Underwear Bomber

October 4, 2011 by staff 

Underwear BomberUnderwear Bomber, The trial of a young African man accused of trying to bring down a plane near Detroit with a bomb in his underwear is not who did it. Prosecutors have their hospital-bed confession, dozens of witnesses, the remains of explosives and a video of Al Qaeda with the 24-year-old, explaining his suicide mission.

However, Omar Faruk processing Abdulmutallab has high stakes. His attack was not the first act of t*rror*sm in the United States during the Obama administration, and could have implications in the debate over whether terrorist suspects should be tried in civilian courts or military.

The case, which begins today with jury selection, also revealed the emergence of a dangerous affiliate of Al Qaeda and the growing influence of radical Islamic cleric who was assassinated by the CIA and U.S. military assault last week.

Abdulmutallab, a Nigerian from a good education in a high class family who has pleaded innocent, was led by US-born cleric Anwar al-Awlaki, and said he wanted to become a martyr at Christmas 2009, when he addressed the Northwest Airlines Flight 253 in Amsterdam with 290 passengers and crew, according to the government.

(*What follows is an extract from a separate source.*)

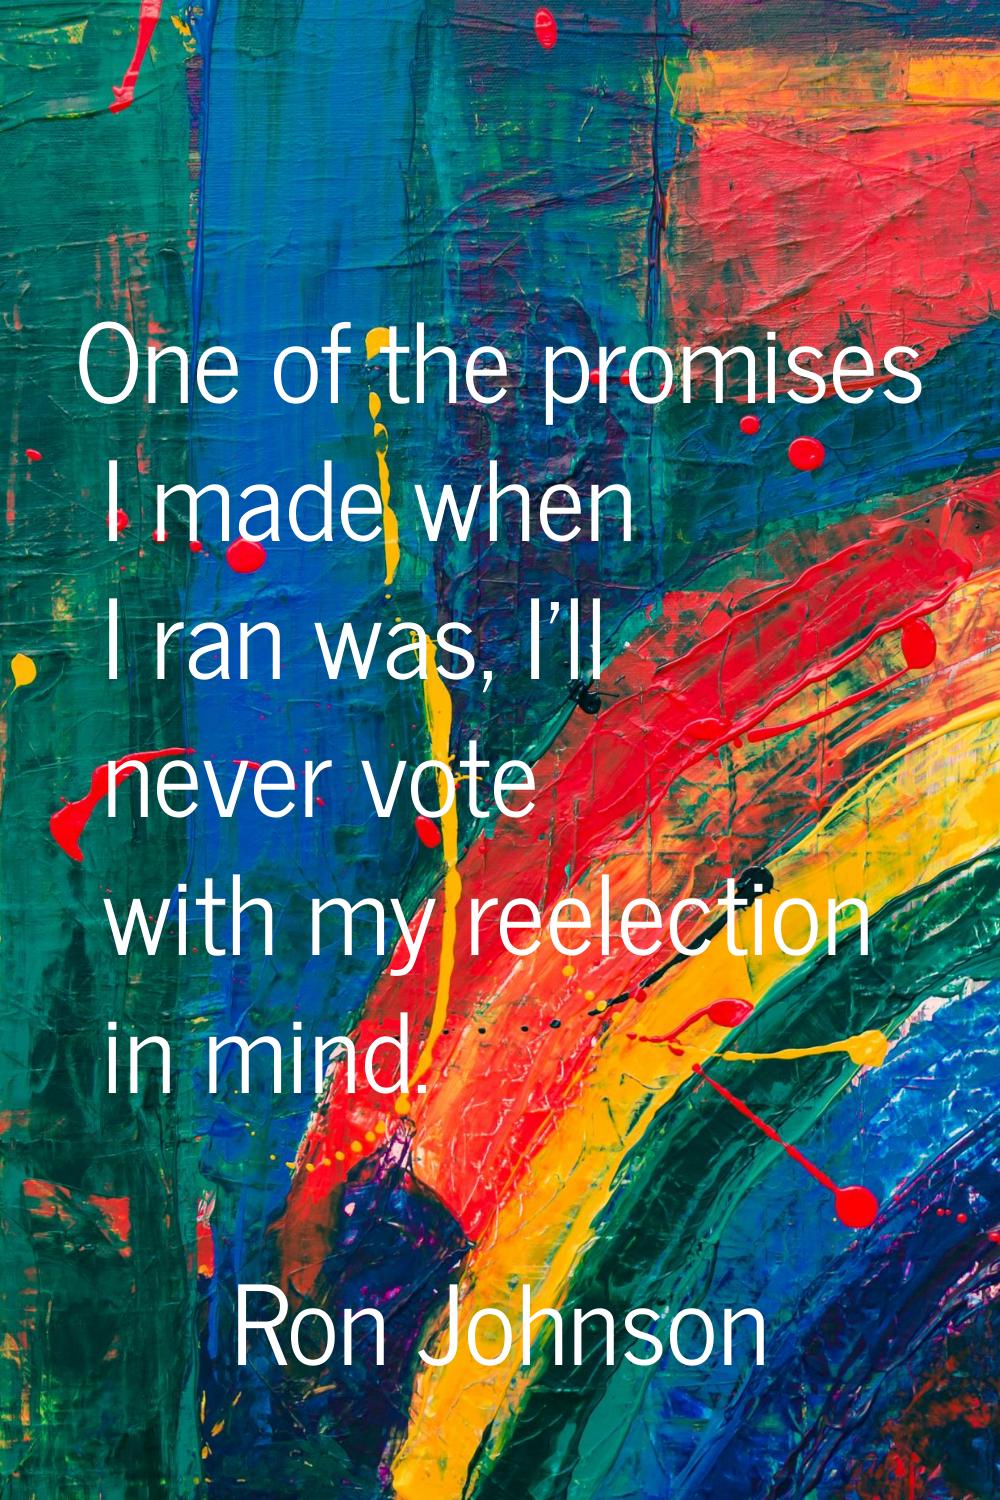 One of the promises I made when I ran was, I'll never vote with my reelection in mind.

A conviction for multiple counts could strengthen the argument that t*rror*sm suspects should be tried by civilian courts, not military procedures. A full-throated bipartisan opposition forced the administration to cancel Obama retrial 09.11 professed York, Khalid Shaikh Mohammed, although there have been similar problems in Detroit.

“The convictions are achieved in federal court with appropriate procedures will be upheld on appeal. That’s just too powerful instrument for the president not to use”, said Vijay Padmanabhan, a lawyer for the former State Department handled cases related to t*rror*sm detainees at Guantanamo Bay, Cuba.

Abdulmutallab faces eight charges, including conspiracy to commit t*rror*sm and attempted use of a weapon of mass destruction. The government says it wanted to fly the plane detonated chemicals in your underwear, just seven minutes before Flight 253 was landing at Detroit Metropolitan Airport.

But the bomb did not work. Passengers with the assistance of crew members saw the flames and rushed Abdulmutallab.

The smoke was everywhere and “we thought we were losing our lives,” said Patricia “Scotti” Keepman Oconomowoc, Wisconsin, who sat several rows behind Abdulmutallab with her husband, newborn daughter and two adopted from Ethiopia.

The government says Abdulmutallab voluntarily explained the plot twice, first to the official U.S. border that led him to get off the plane and then in more detail the FBI agents who interviewed him at a hospital after treatment for serious burns to the groin.

Abdulmutallab told authorities he trained in Yemen, base of operations for Al Qaeda in the Arabian Peninsula. He said he was influenced by al-Awlaki, who was killed Friday by an air strike that President Obama called a blow to the franchise’s most dangerous Al Qaeda.